This bill establishes the Health Professional Loan Repayment Program within the Department of 
Health and Senior Services, offering forgivable loans to pay off existing student loans and other 
education expenses for health care, mental health, and public health professionals.
The Department of Health and Senior Services is the chief administrative agency and is 
responsible for oversight and rulemaking of the program, the Director shall be in charge of 
determining who will receive forgivable health professional loans, and the professionals or 
disciplines that receive funding in any given year are contingent on consultation with the 
Department of Mental Health and the Department of Higher Education and Workforce
Development.
The Department will enter into a written contract with each qualifying individual for a forgivable 
loan, the provisions of which are specified in the bill. The contract shall include an agreement 
that the individual serve for a period equal to at least two years in an area of defined need, in 
order for the loan to be forgiven. The Department of Health and Senior Services will designate 
counties, communities, or sections of areas in the state as "areas of defined need" for health care, 
mental health, or public health services.

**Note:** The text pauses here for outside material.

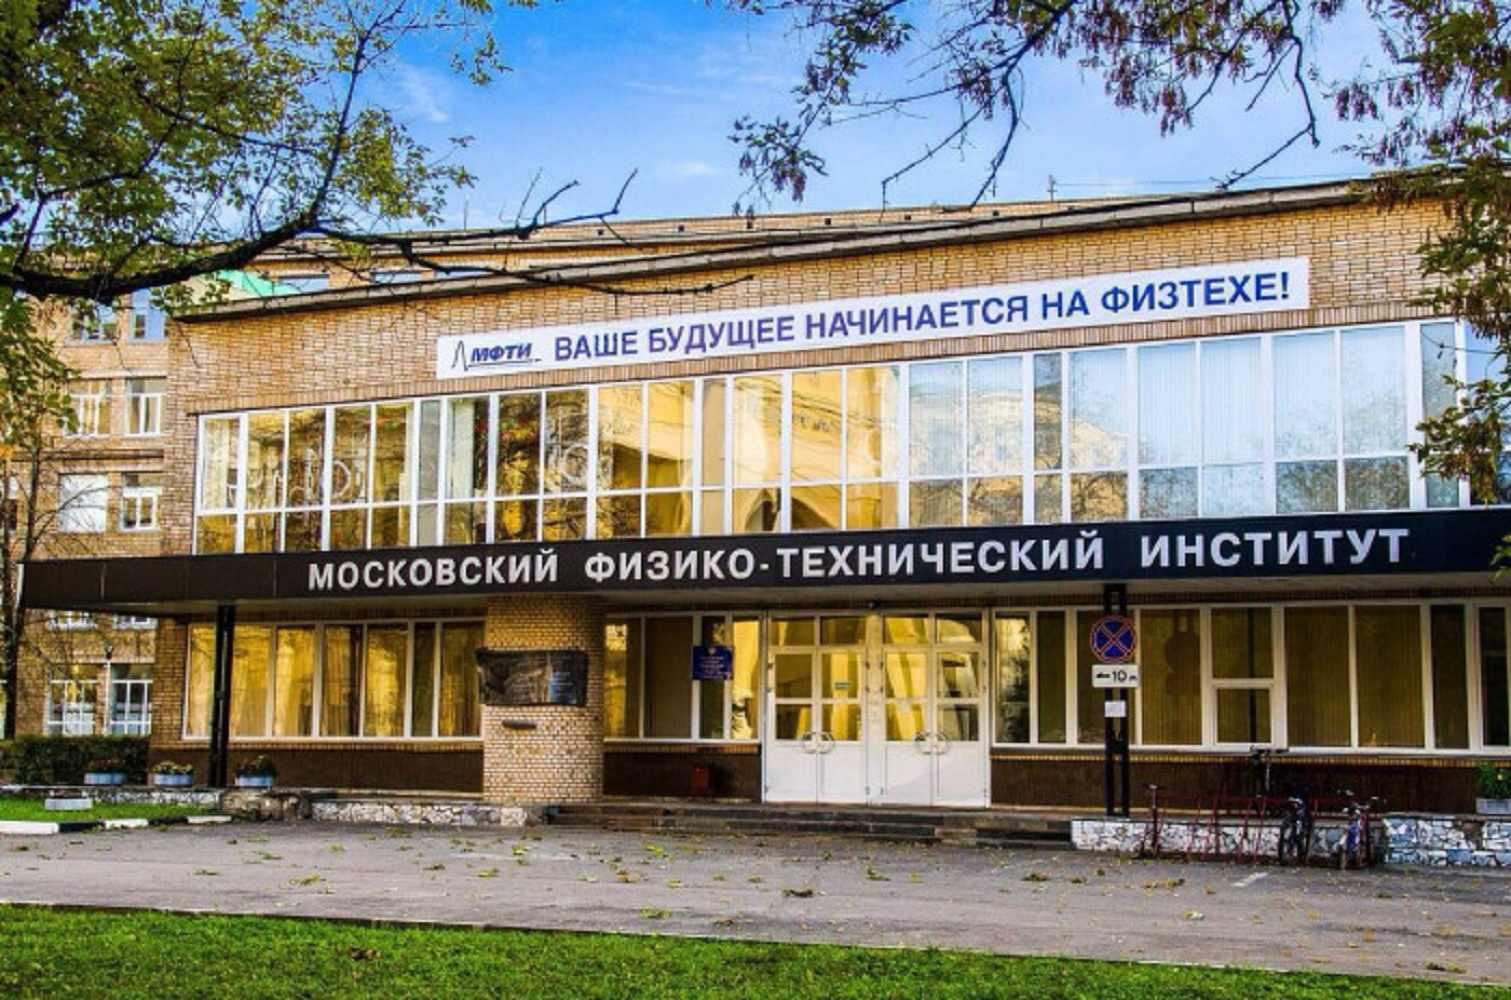 МФТИ – Московский физико-технический институт

All health professional loans shall be made from funds appropriated to the health professional 
loan incentive fund by the General Assembly, which also includes funds from an individual 
and/or funds generated by loan repayments. Further stipulations of the fund may be found in the 
bill.
This bill repeals an existing loan program for students enrolled in certain health care degree 
programs (§§191.430 – 191.831).
This bill establishes, subject to appropriations, a transitional benefits program for Temporary 
Assistance for Needy Families (TANF) and the Supplemental Nutrition Assistance Program 
(SNAP). The transitional benefits are designed to assist any recipient, whose monthly income 
has exceeded the maximum allowable income for program eligibility, to continue receiving 
reduced benefits, as specified in the bill. Any recipient of transitional benefits must comply with 
all requirements for each program that the recipient is eligible for, including work requirements. 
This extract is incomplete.